Judith Owen richt de blik naar buiten

Twee jaar na haar ‘Ebb & Flow’, een buitengewoon geslaagd eerbetoon aan de Laurel Canyon Sound, komt singer-songwriter Judith Owen met ‘Somebody’s Child’. Een gevarieerder album, waarvoor opnieuw alom lof is. Niet dat ze de kritieken op haar werk leest, zegt ze. “Van een slechte recensie kan ik dagen van slag zijn.”

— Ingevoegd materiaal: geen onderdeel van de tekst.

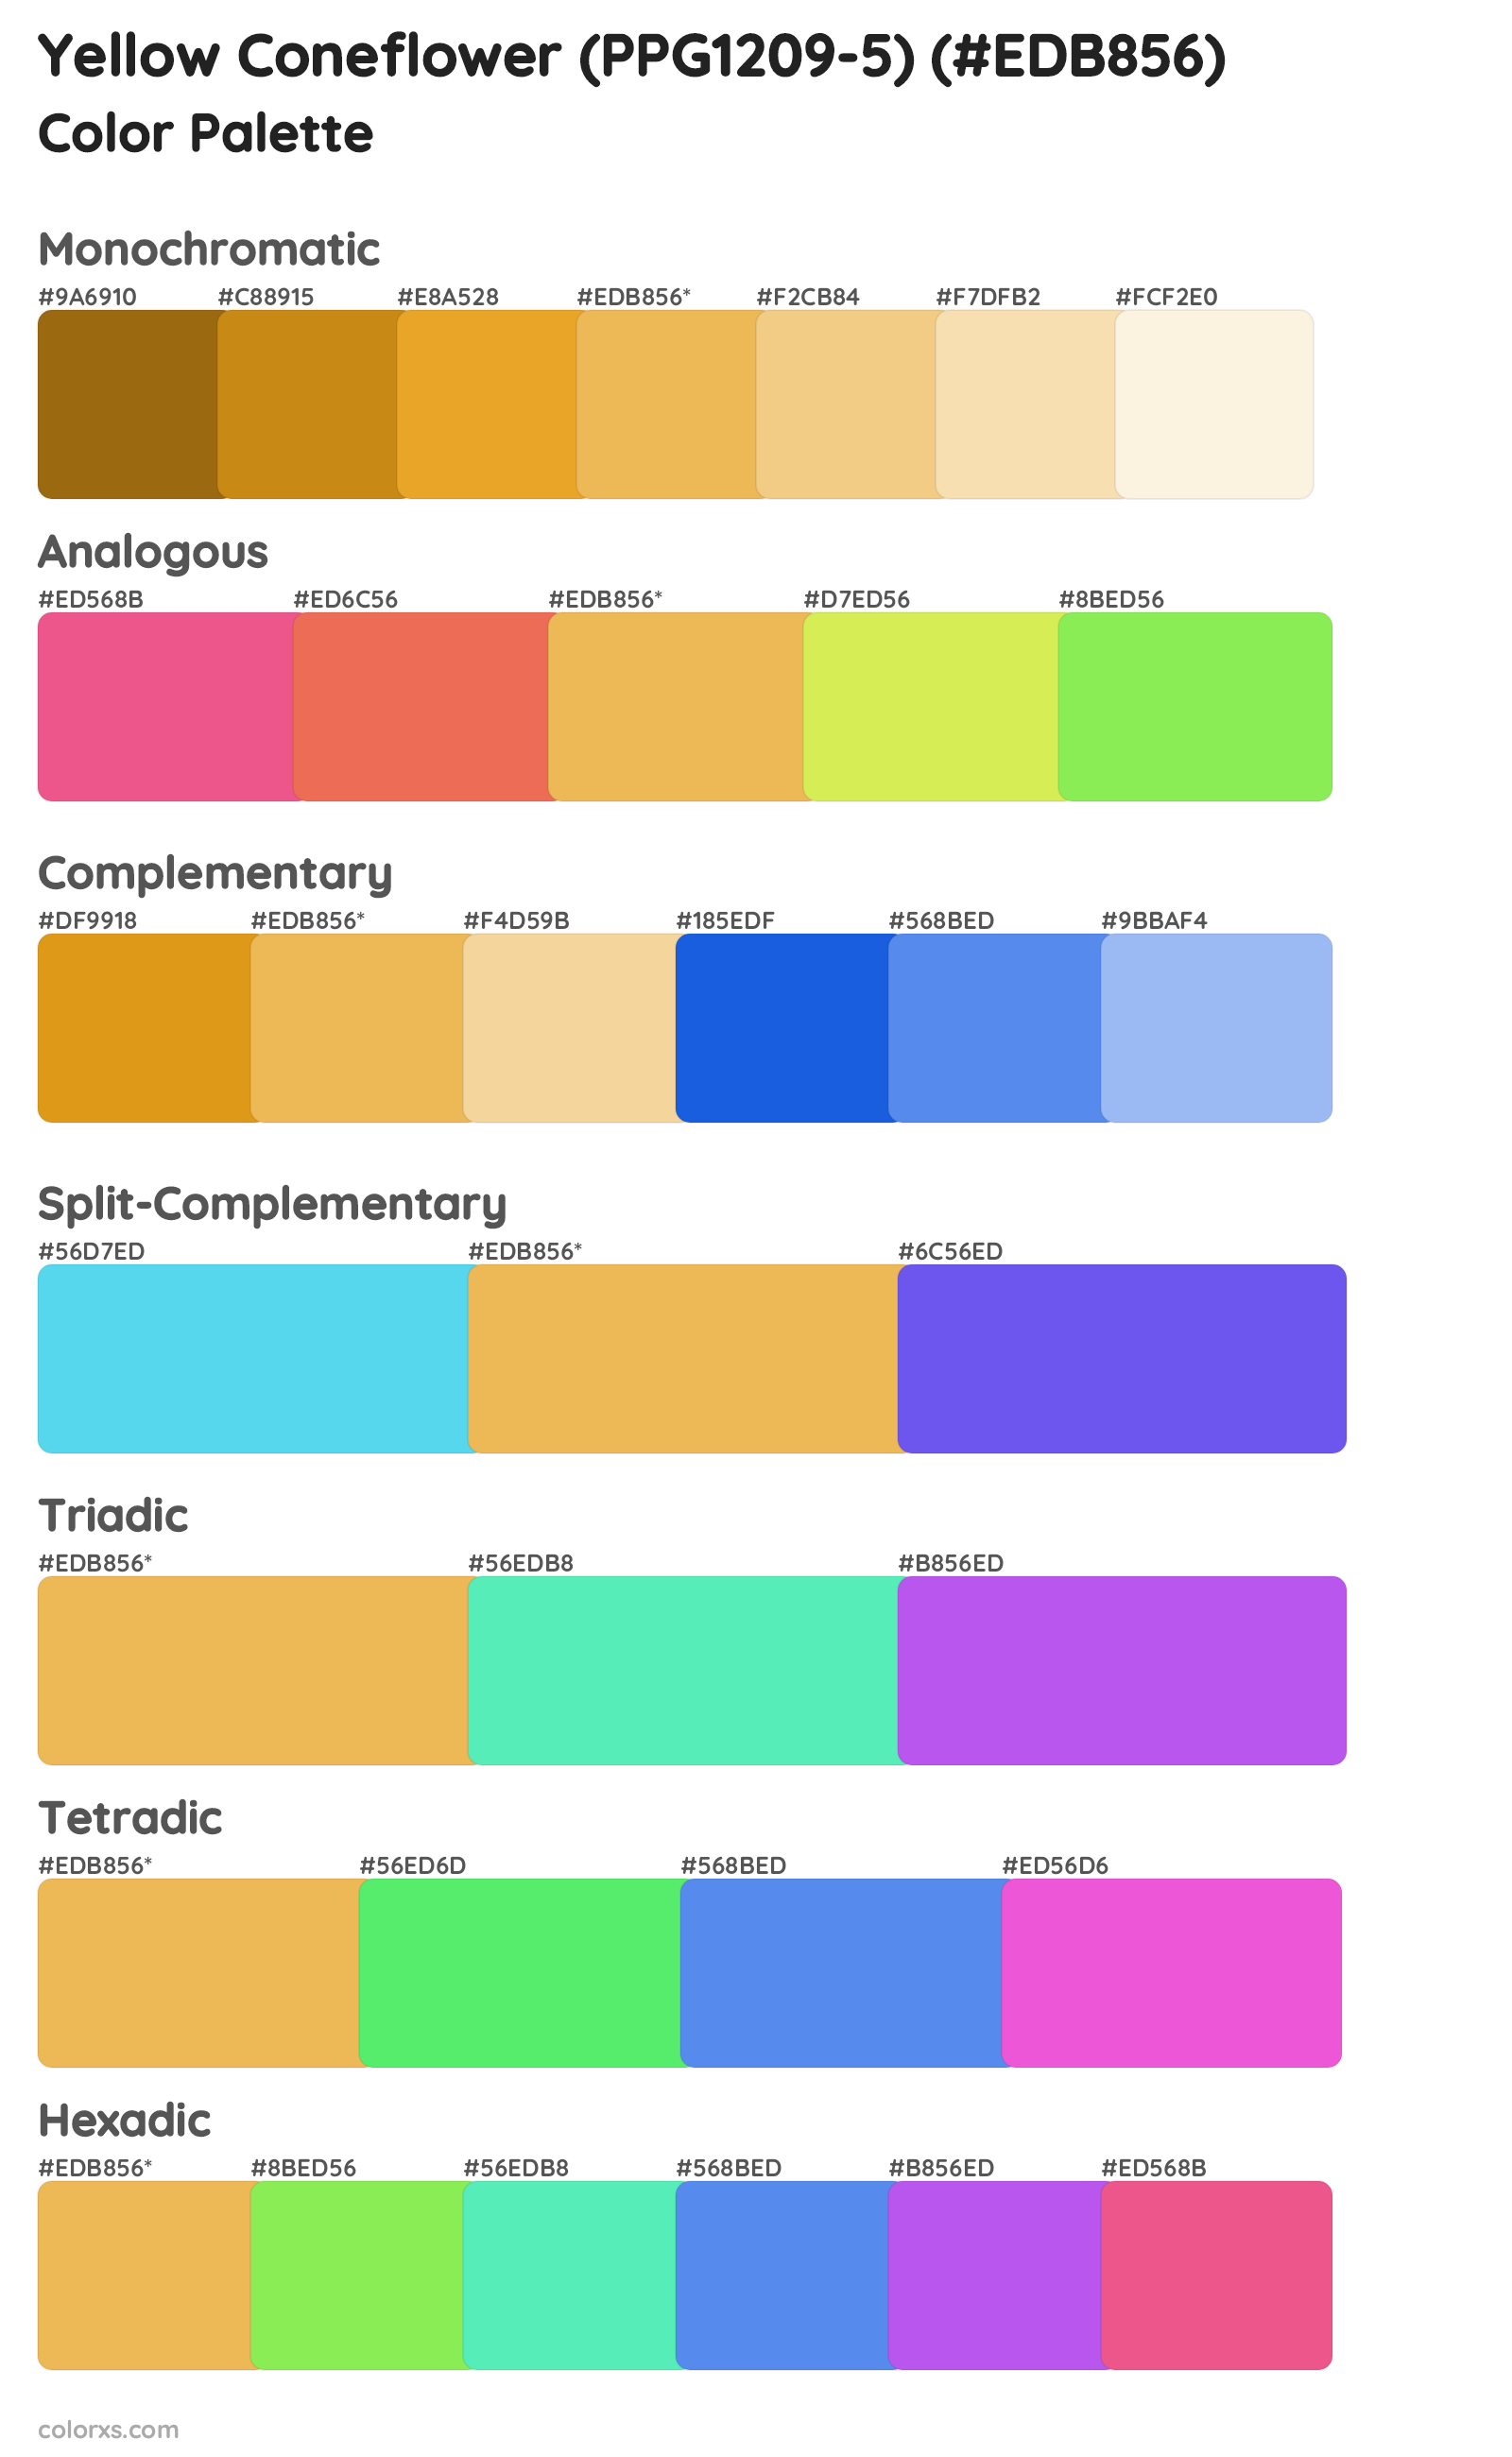 Yellow Coneflower (PPG1209-5) Color Scheme Palettes

Het is altijd even afwachten met wat voor soort nummers Judith Owen komt wanneer ze een nieuwe plaat uitbrengt. Ze is goed thuis in uiteenlopende muzieksoorten, van klassieke muziek (opera met name) tot jazz, folk en blues. “En ik vind niet dat ik me hoef vast te pinnen op een bepaald type muziek”, zegt ze. “Ik ben niet gebonden aan de regels die binnen een genre gelden, maar kan die regels juist voor mij laten werken – en dat geeft me de vrijheid om me uit te drukken in de stijl die het beste past bij een nummer.”

Haar vorige album, ‘Ebb & Flow’, was een buitengewoon geslaagd eerbetoon aan de Laurel Canyon Sound van Joni Mitchell, James Taylor en andere Amerikaanse singer-songwriters uit het einde van de jaren zestig, begin van de jaren zeventig. Twee jaar later is daar ‘Somebody’s Child’, een album dat niet radicaal verschilt van de voorganger maar dat toch net ietsje anders aandoet. De nummers liggen ook nu weer prettig in het gehoor, en je kunt je voorstellen dat muziekcriticus Pete Whalley het beschouwt als het perfecte ‘Easy Listening’ album.

Acid Rock

Maar ‘Somebody’s Child’ is net iets gevarieerder dan ‘Ebb & Flow’. Op bassist Leland Sklar na, spelen de muzikanten die de klankkleur van ‘Ebb & Flow’ bepaalden spelen slechts op drie nummers mee. De ‘sound’ leunt hier en daar op Engelse folk à la Nick Drake, vooral door de aanwezigheid van Britse muzikanten, de strijkers voorop (‘The Rain is Gonna Fall’). ‘I know where the Sun Shines’ zou zo op ‘Songs in the Key of Life’ of een andere album van Stevie Wonder uit de jaren zeventig kunnen staan.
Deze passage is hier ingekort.